Sunday, June 17, 2012

Policy: High Stakes Testing and Blindness


The Himba tribe in Namibia have only one word for the colors blue and green: zuzu. Some researchers, notably Jules Davidoff of University of London, claim tribal members cannot distinguish between color swatches of blue and green.

When older deaf people were first taught the American Sign Language, there existed no word for simultaneous.  As a result, this group of people consistently failed a graphic test that any typical first grader would pass.  The test results were so startling, that several researchers wanted to rerun all these assessments.  In the interim, many of the subjects had been exposed to a younger deaf population, who had acquired the word for simultaneous.  Those subjects passed the test.

What does this have to do with teaching?


It might mean that if people are not exposed to an idea, they are unable to perceive it on their own.   If ideas like blue and simultaneous do not exist for people who have never been taught them, then what does it mean when our curriculum shrinks due to the pressures of high stakes testing?

Schools are under enormous pressure to produce higher and higher reading and math scores.  Teachers are being told by their administrators to skip teaching writing, social studies, geography, art, science, civics, foreign languages and other non-tested subjects, in order to boost the teaching time for the tested subjects. 

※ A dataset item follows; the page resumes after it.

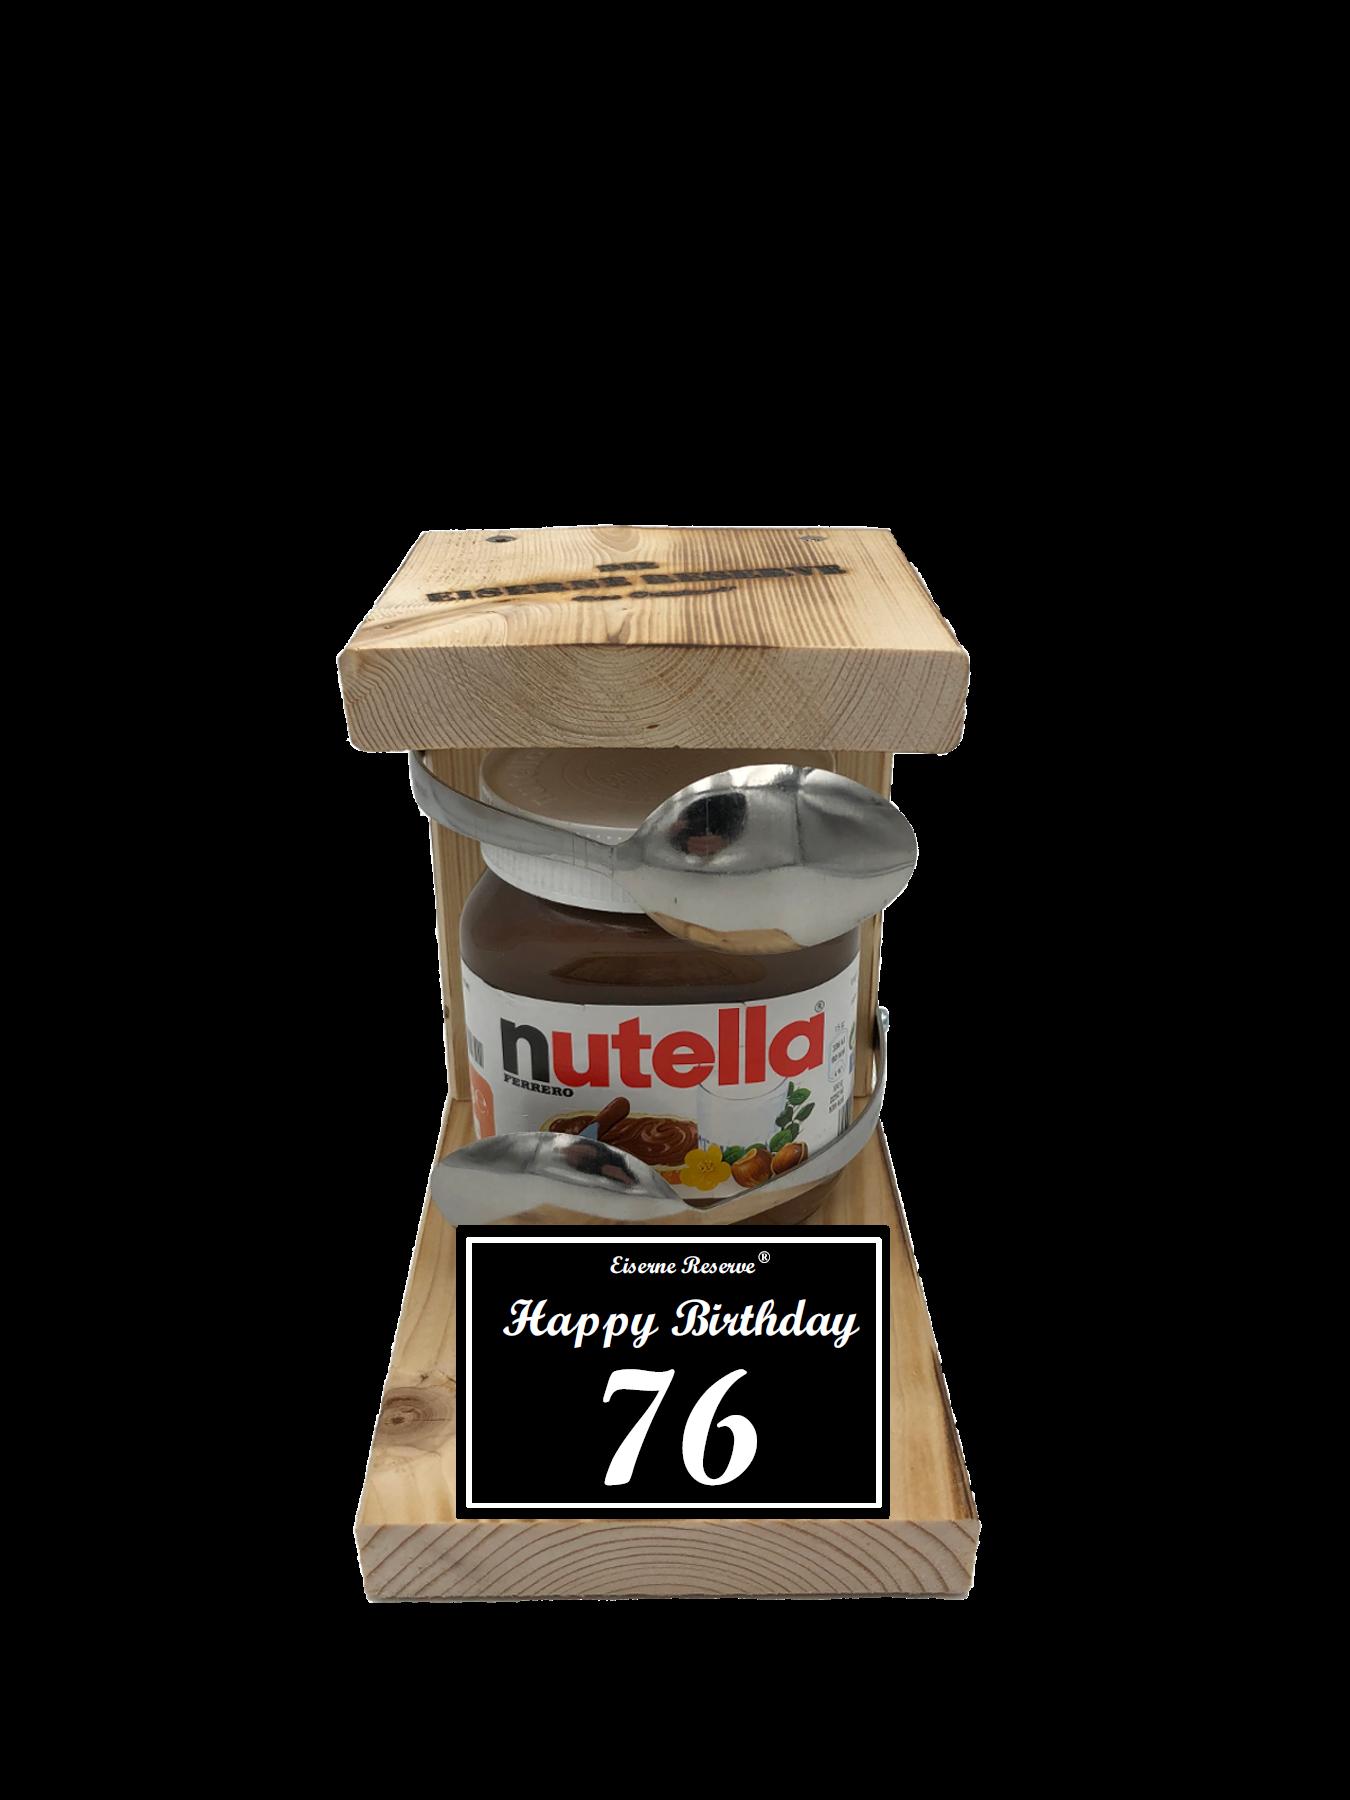 76 Happy Birthday Löffel Nutella Geschenk - Die Nutella Geschenkidee

Some of this loss might be mitigated with a rich and diverse reading curriculum, but most schools are demanding teachers stick with skill-based reading programs where the subject being taught is actually a technical analysis of reading—not literature.  As a result, students in lower grades read one story a week and spend the rest of their instructional time studying skills like hard and soft g.

What does this mean for a nation that has led the world in scientific and literary innovation?  Are we rising a generation of children who will not have the tools to continue to break new ground or solve the complex problems that they will face?

By basing teacher salaries, principals’ jobs and even the existence of schools on student test scores, our policy makers are causing a collapse of our formally rich curriculum and simultaneously hobbling our children’s minds.  These policy makers just can’t see what they are doing.